Find longest matching ngrams in MySQL

Question

Given a column containing ngrams in a VARCHAR with utf8mb4_unicode_ci collation:

+---------------------------+
| ngram                     |
+---------------------------+
| stack overflow            |
| stack                     |
| overflow                  |
| stack overflow protection |
| overflow protection       |
| protection                |
+---------------------------+

And a query:

SELECT * FROM ngrams WHERE ngram IN ('stack', 'stack overflow', 'protection', 'overflow')

Given the rows returned by this query, how can I keep only the rows with the longest ngrams from the returned rows?

In this example, I get 3 rows: stack, stack overflow, and protection.

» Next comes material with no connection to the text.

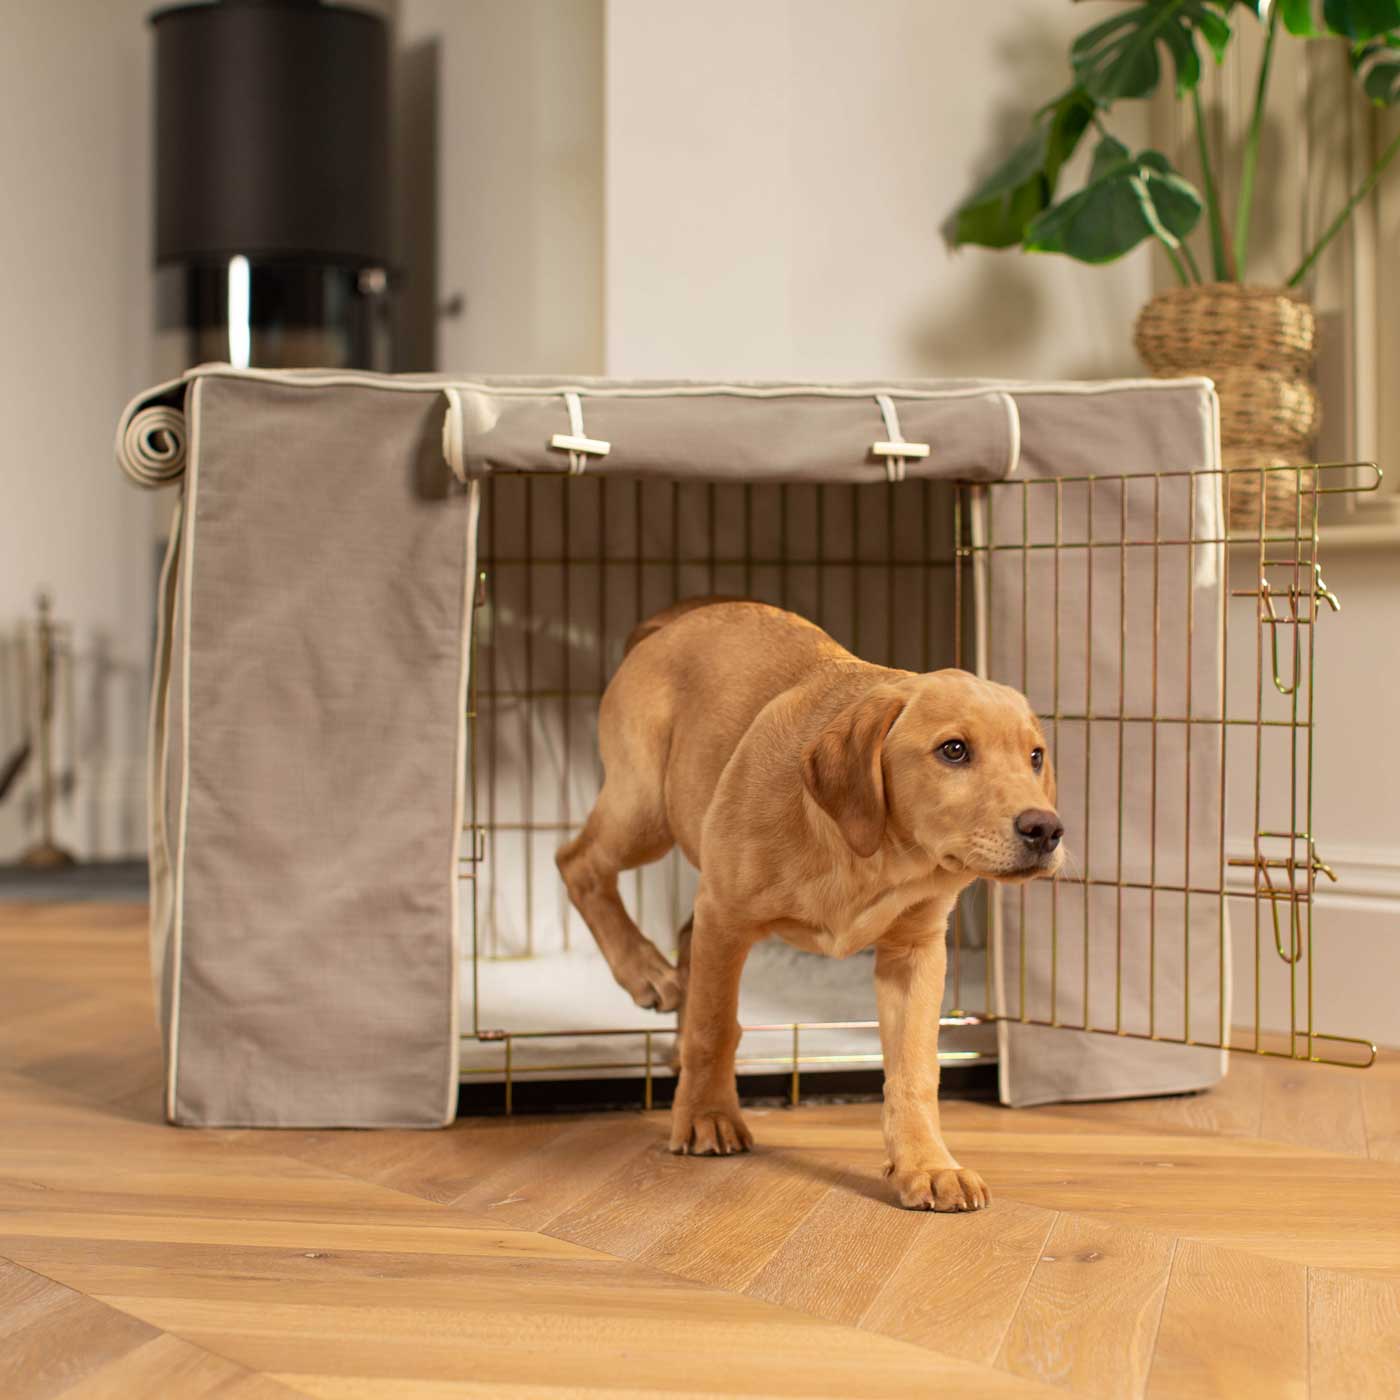 Discover Our Heavy-Duty Dog Crate With Savanna Stone Crate Cover! The Perfect Crate Accessory To Build The Ultimate Pet Den! Available To Personalise Here at Lords & Labradors    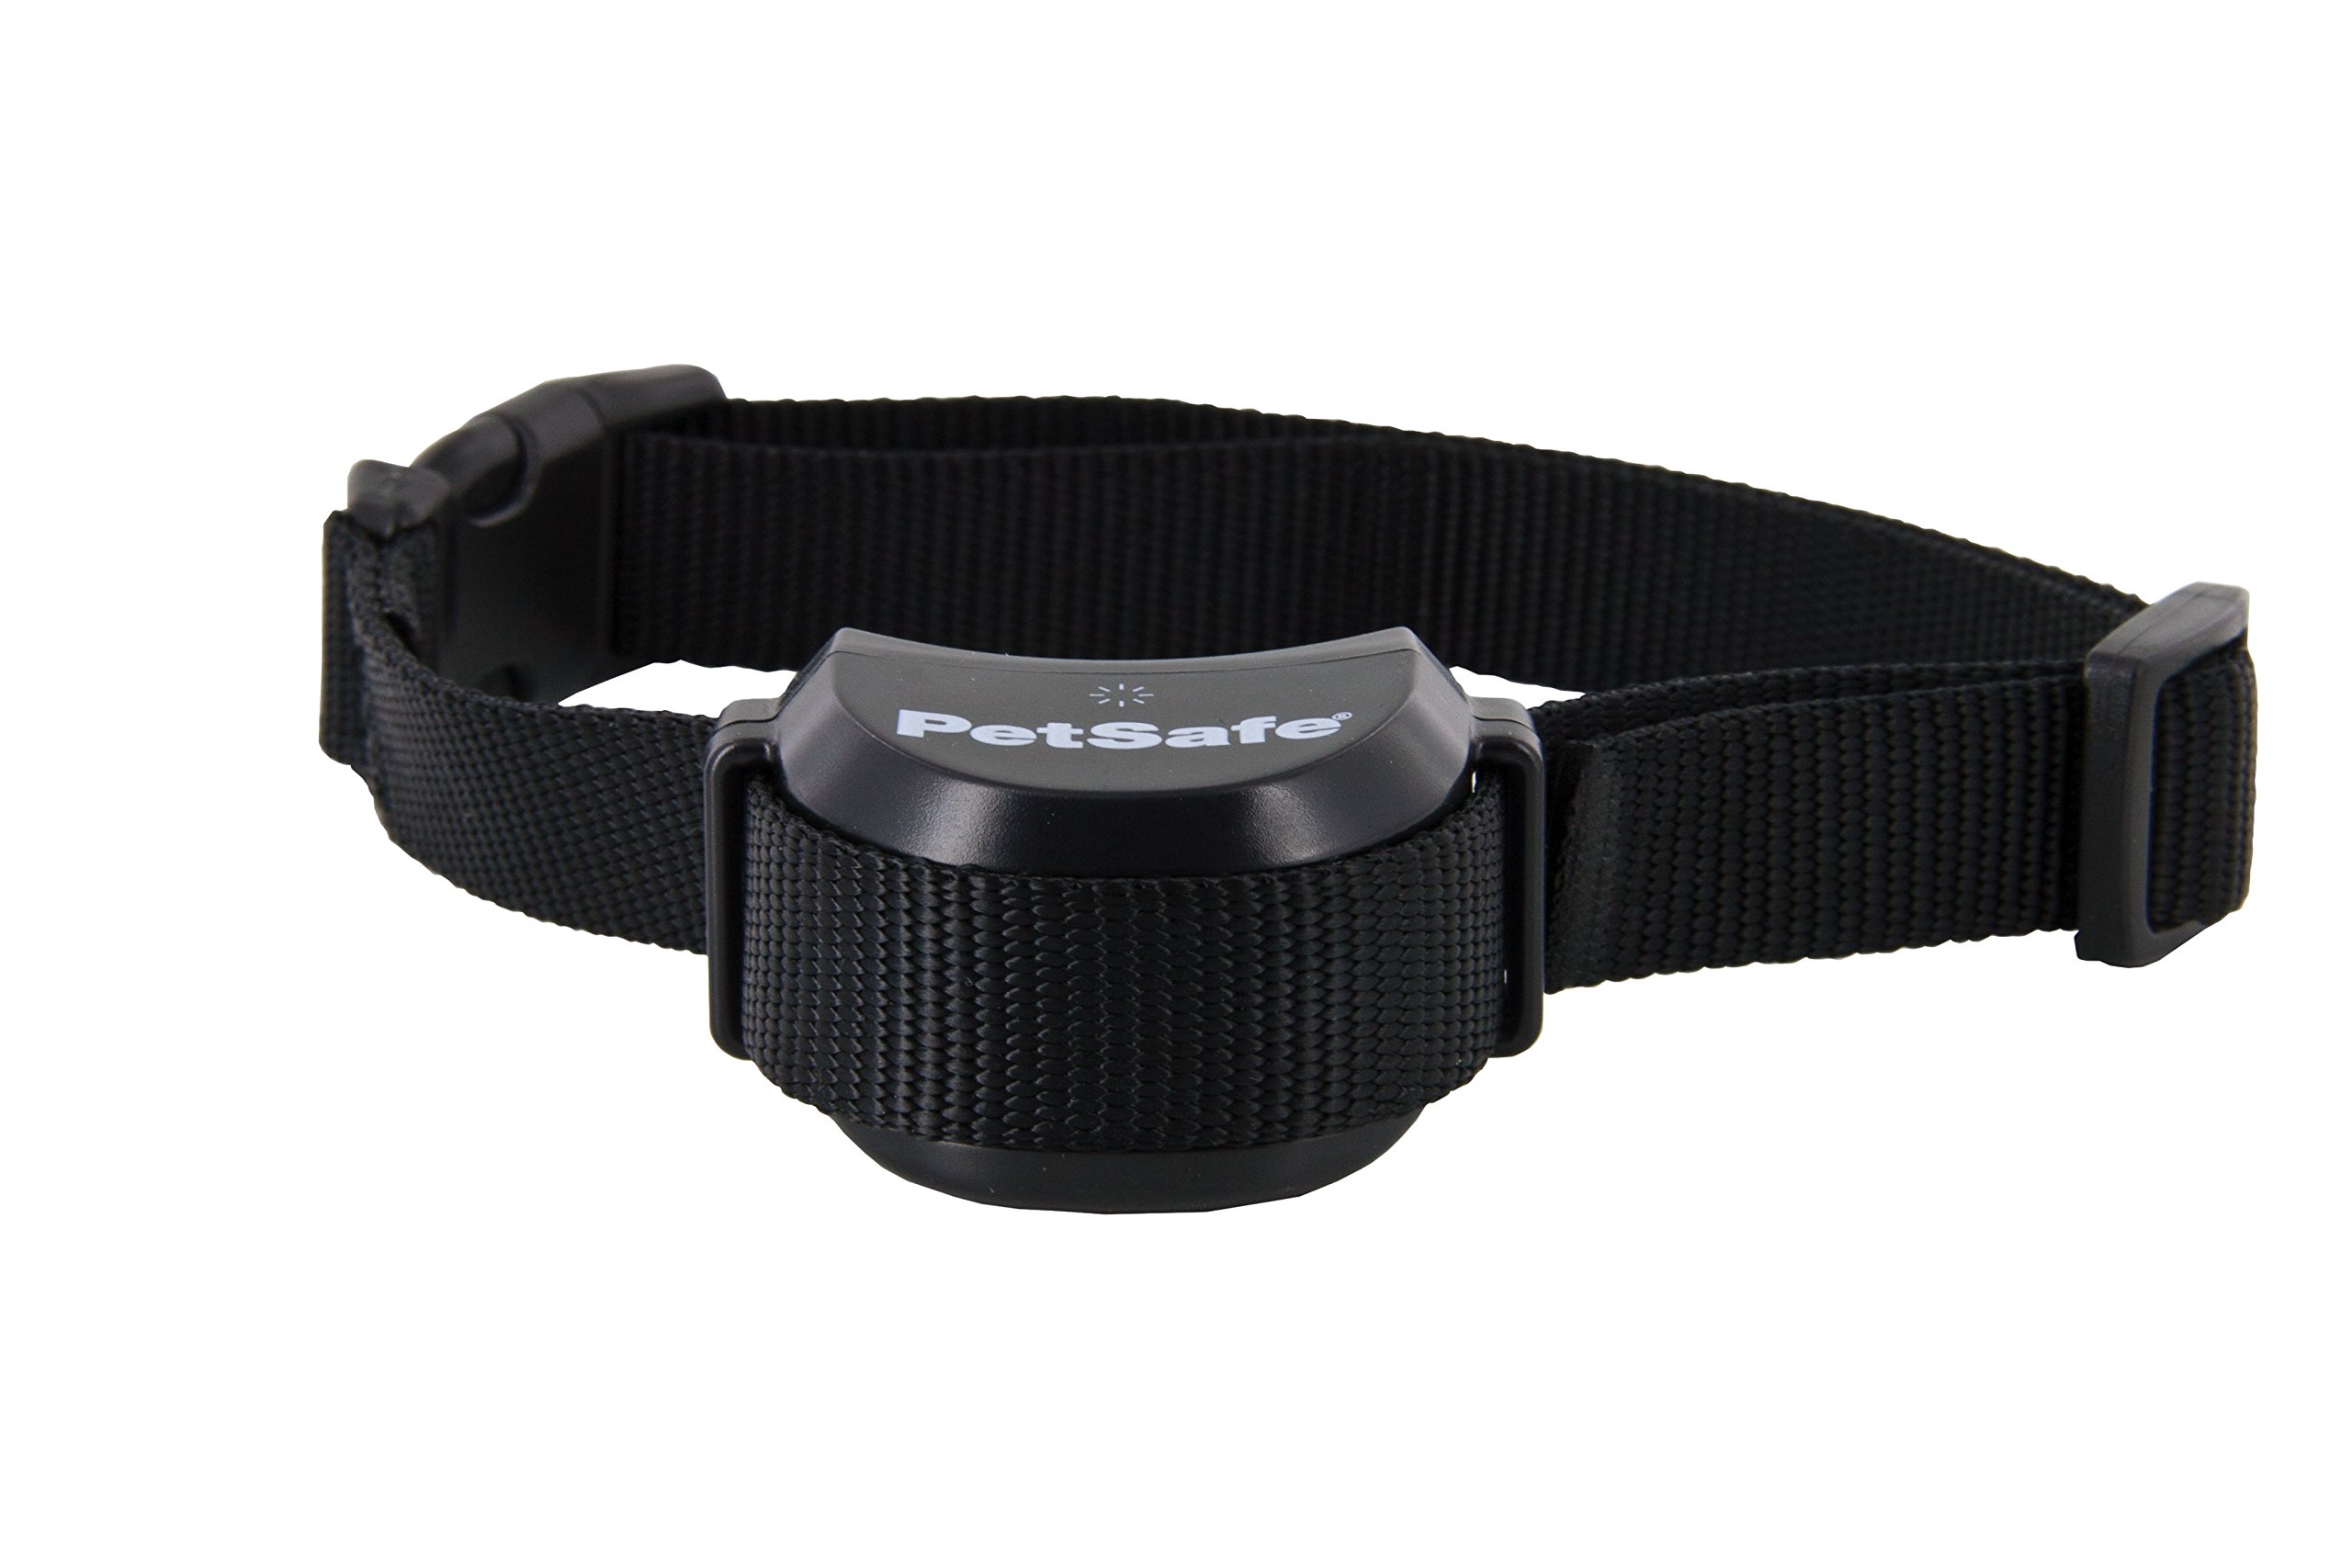 how-to-sync-petsafe-wireless-fence-collar

Then, I need to filter rows like this:

I filter out stack, because stack overflow exists in the returned rows
I keep stack overflow, because no other returned row is a ngram containing stack overflow (there is stack overflow protection in the table, but it's not in the returned rows)
I keep protection too
I filter out overflow, because stack overflow exists in the returned rows

It must be done in MySQL because of collations (comparisons outside of MySQL wouldn't give the same results than in MySQL). (Unless I'm not aware of some MySQL function allowing to expose the collated version of a string.)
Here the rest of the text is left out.